Crouched in a dark part of Kroeger's dugout, Larana Utorian rocked back and forth, her knees tucked up under her chin, her hands clasped over her ears. A red line dribbled down her chin where she had chewed her lip and her thin, wasted frame was malnourished to the point of starvation. Her features were gaunt and sallow and her ribs pushed against her filthy skin beneath the threadbare remains of her uniform jacket.
Kroeger's armour once more hung on its frame, its surfaces slathered in gore.
On the ground before her lay the armoured gauntlet, the fingers curled in a fist, the knuckles caked with pounded-in blood. Her bone knife rested against it, its edge nicked and bloody.
Larana's breathing came in short, hiked gasps. The voice had come again.

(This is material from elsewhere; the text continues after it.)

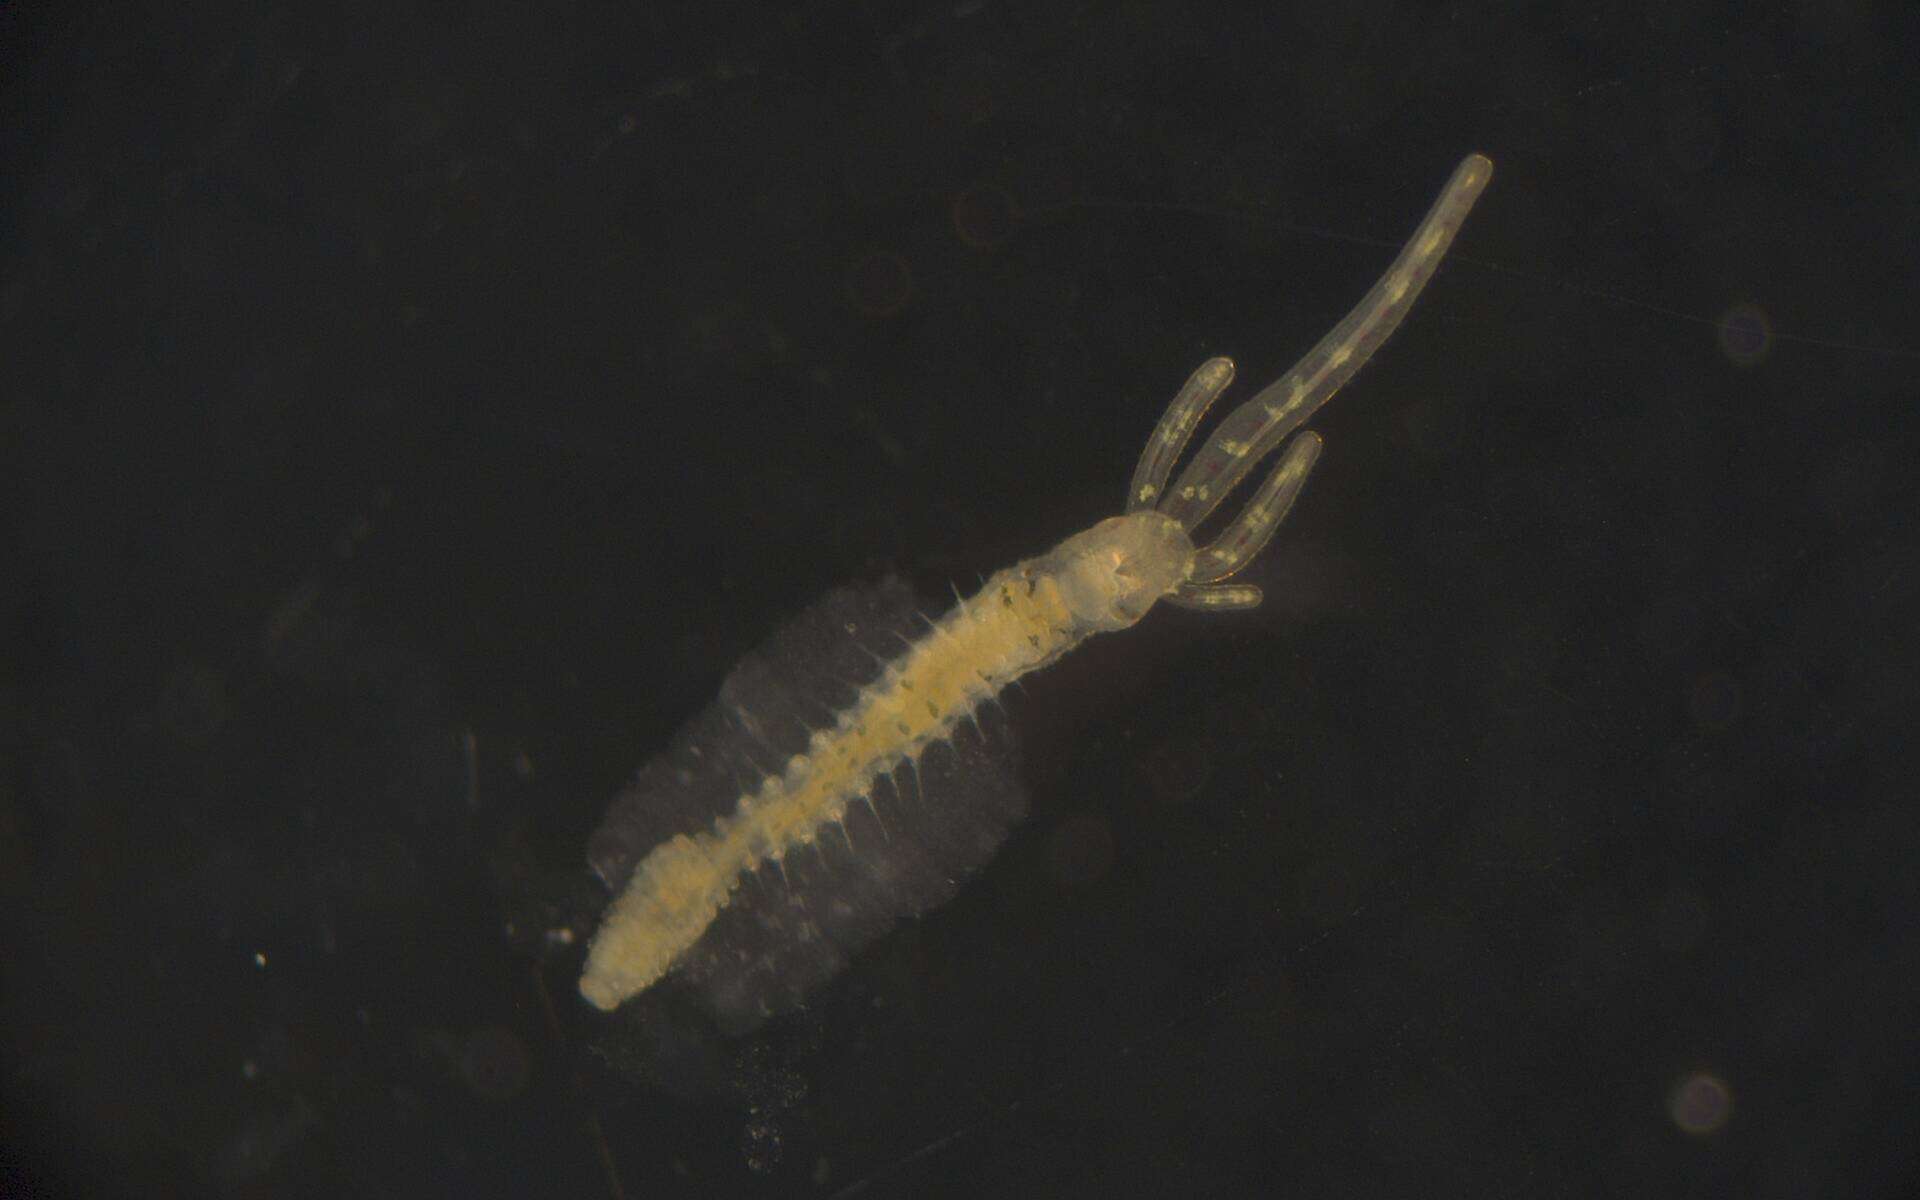 Image of Terebellidae

'Who are you?' she asked, the sound no more than a hoarse whisper. There was no answer and for the briefest second she wondered if she had imagined the hissing voice that had spoken to her.

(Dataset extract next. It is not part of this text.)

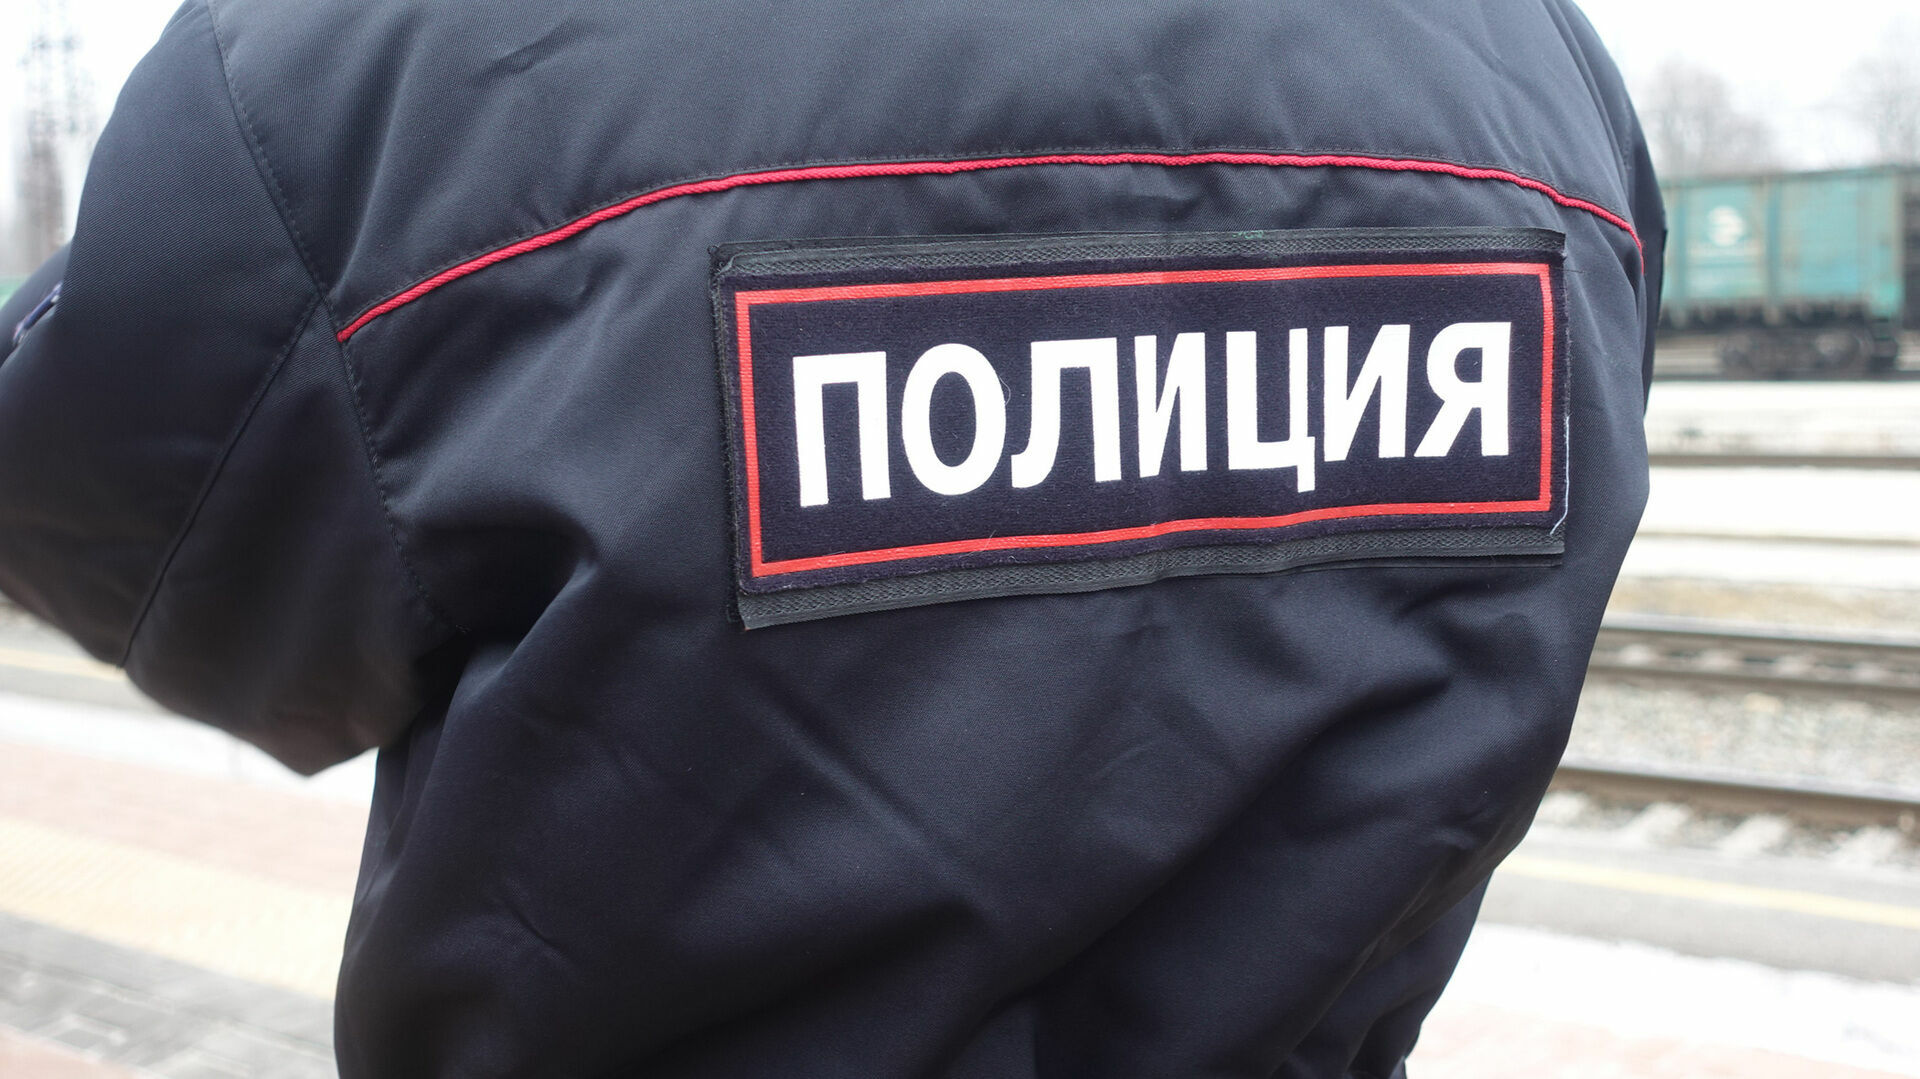 Редактора православного издательства поймали пьяной за рулем на городецкой трассе

A nervous laugh built in her throat, but died as the voice came again.
I am all that you want, little one. I feel your hate and it is exquisite.
The voice slithered around her head, seeming to come from all around her, sounding more dead than alive. The horrific voice was composed of many, each overlaying the other, monstrously intertwined with sussurating hoarseness.
Larana whimpered in fear. Looking up at Kroeger's armour she saw a pale nimbus of light building up behind the visor of the helmet. The eyes seemed to be looking straight through her, through her skin, past her bones and organs and into her very soul.